* [GOAL OF THE EXERCISE]
Work through the records that follow and return each line containing the word "Allemagne".

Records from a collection
# # # # #

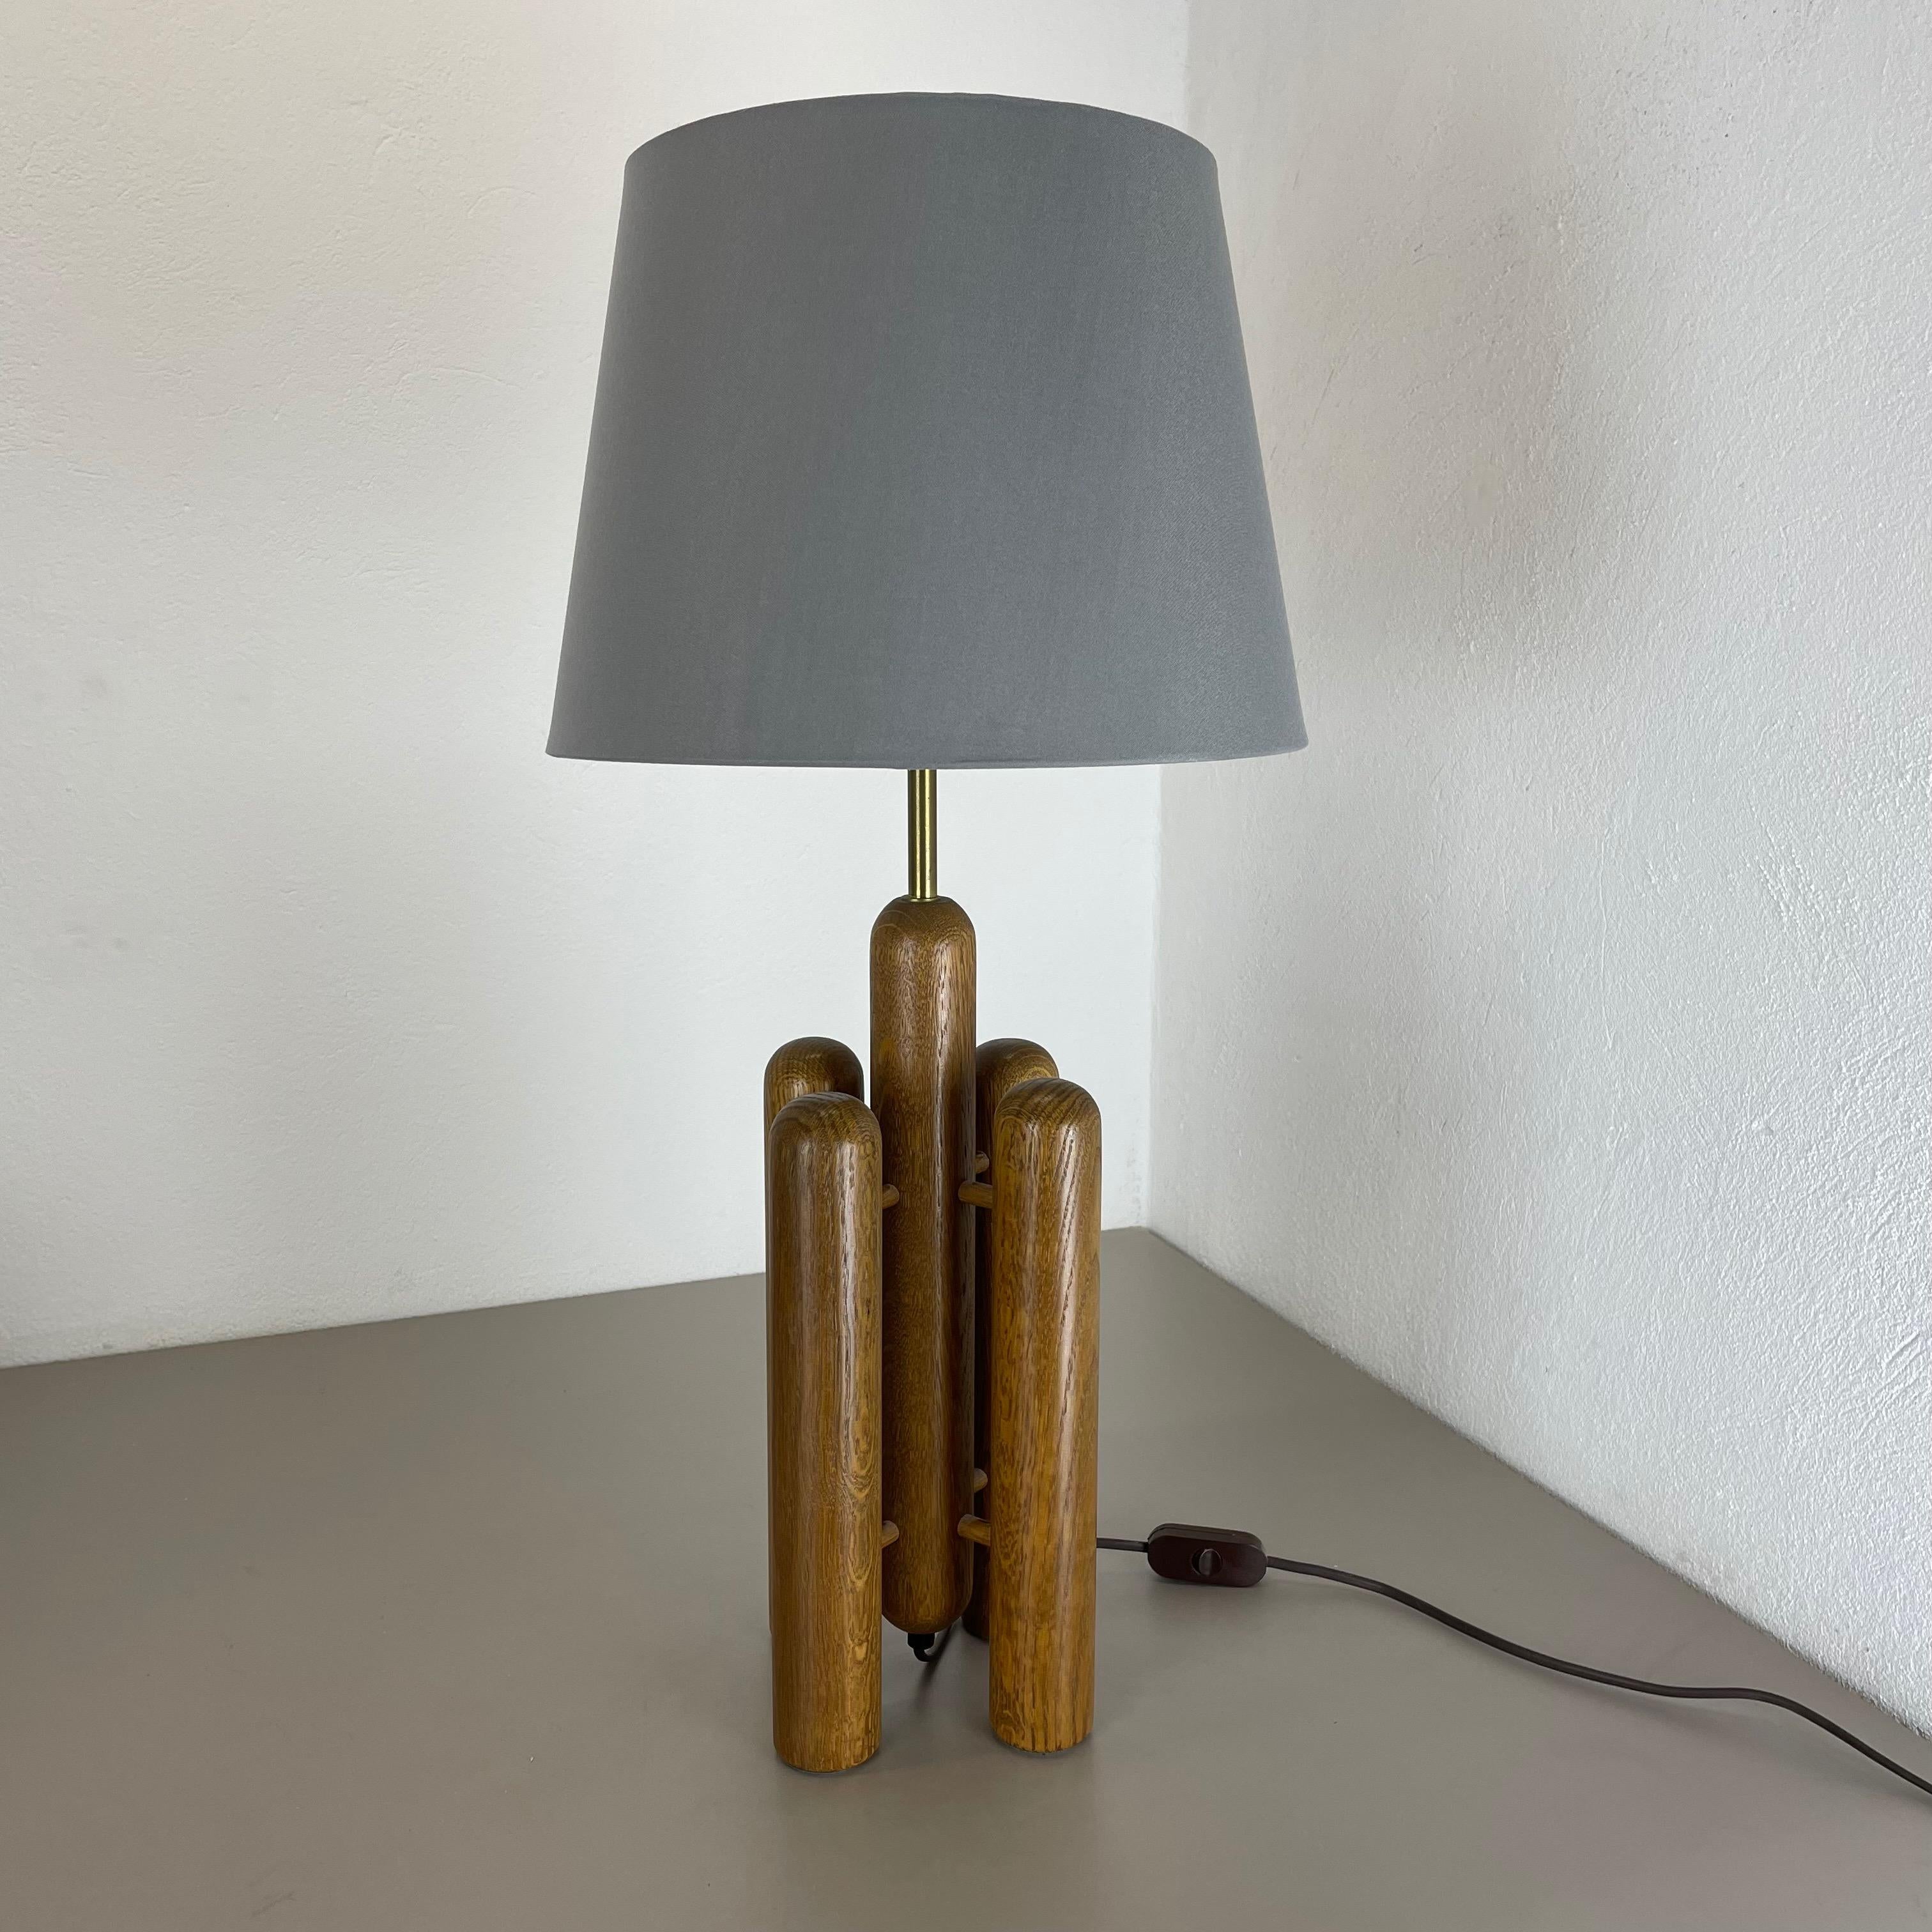 Article :

lampe de table organique en bois


Producteur :

TEMDE Lights, Allemagne



Origine :

Allemagne



Âge :

1970s




Base de lampe de table en bois originale des années 1970, fabriquée en Allemagne. Production allemande de haute qualité
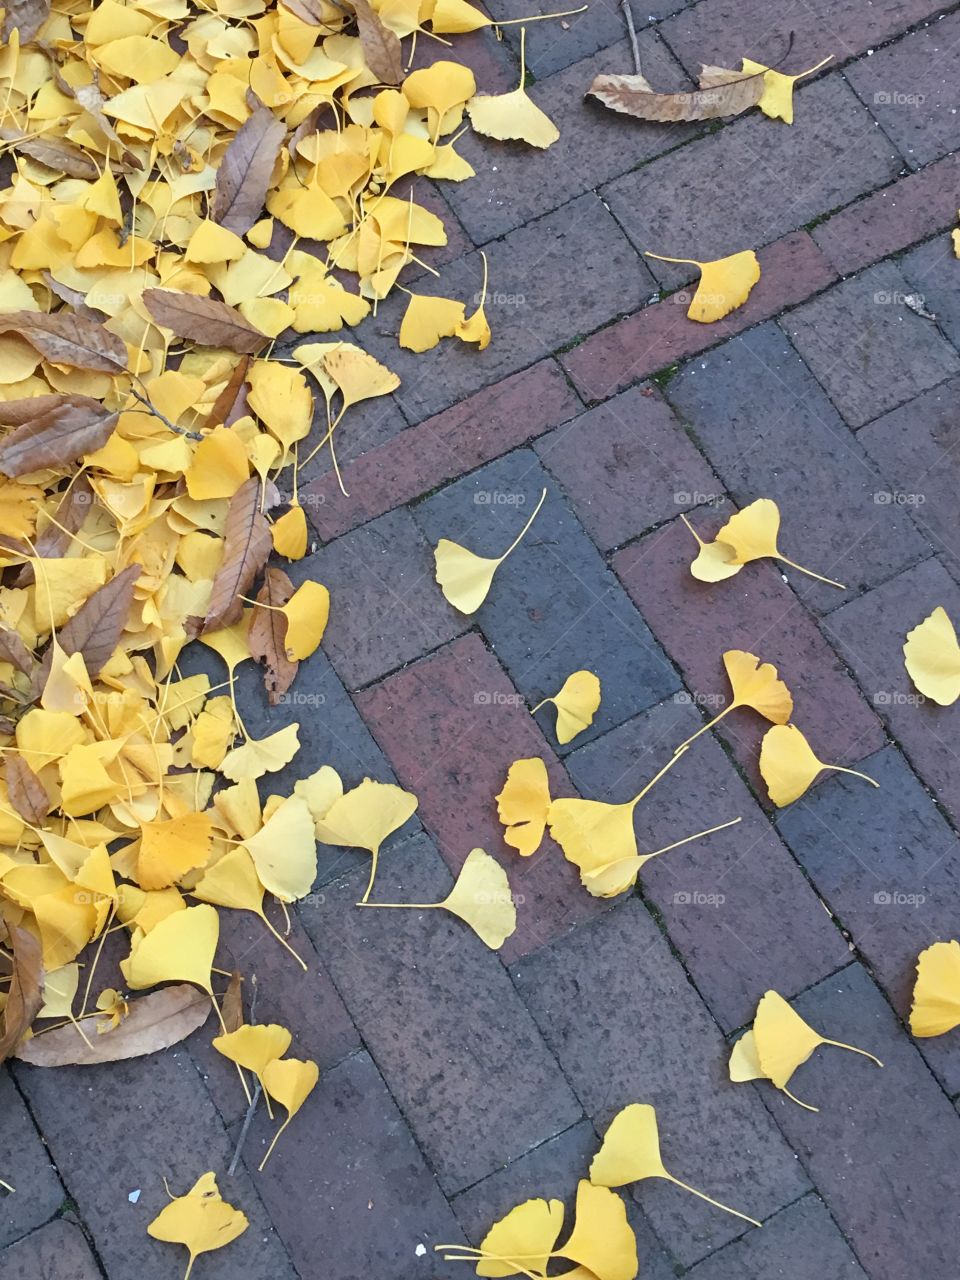 Fallen leaves on brick.

# # # # #

* [ANSWER TO THIS EXERCISE]
TEMDE Lights, Allemagne
Allemagne
Base de lampe de table en bois originale des années 1970, fabriquée en Allemagne. Production allemande de haute qualité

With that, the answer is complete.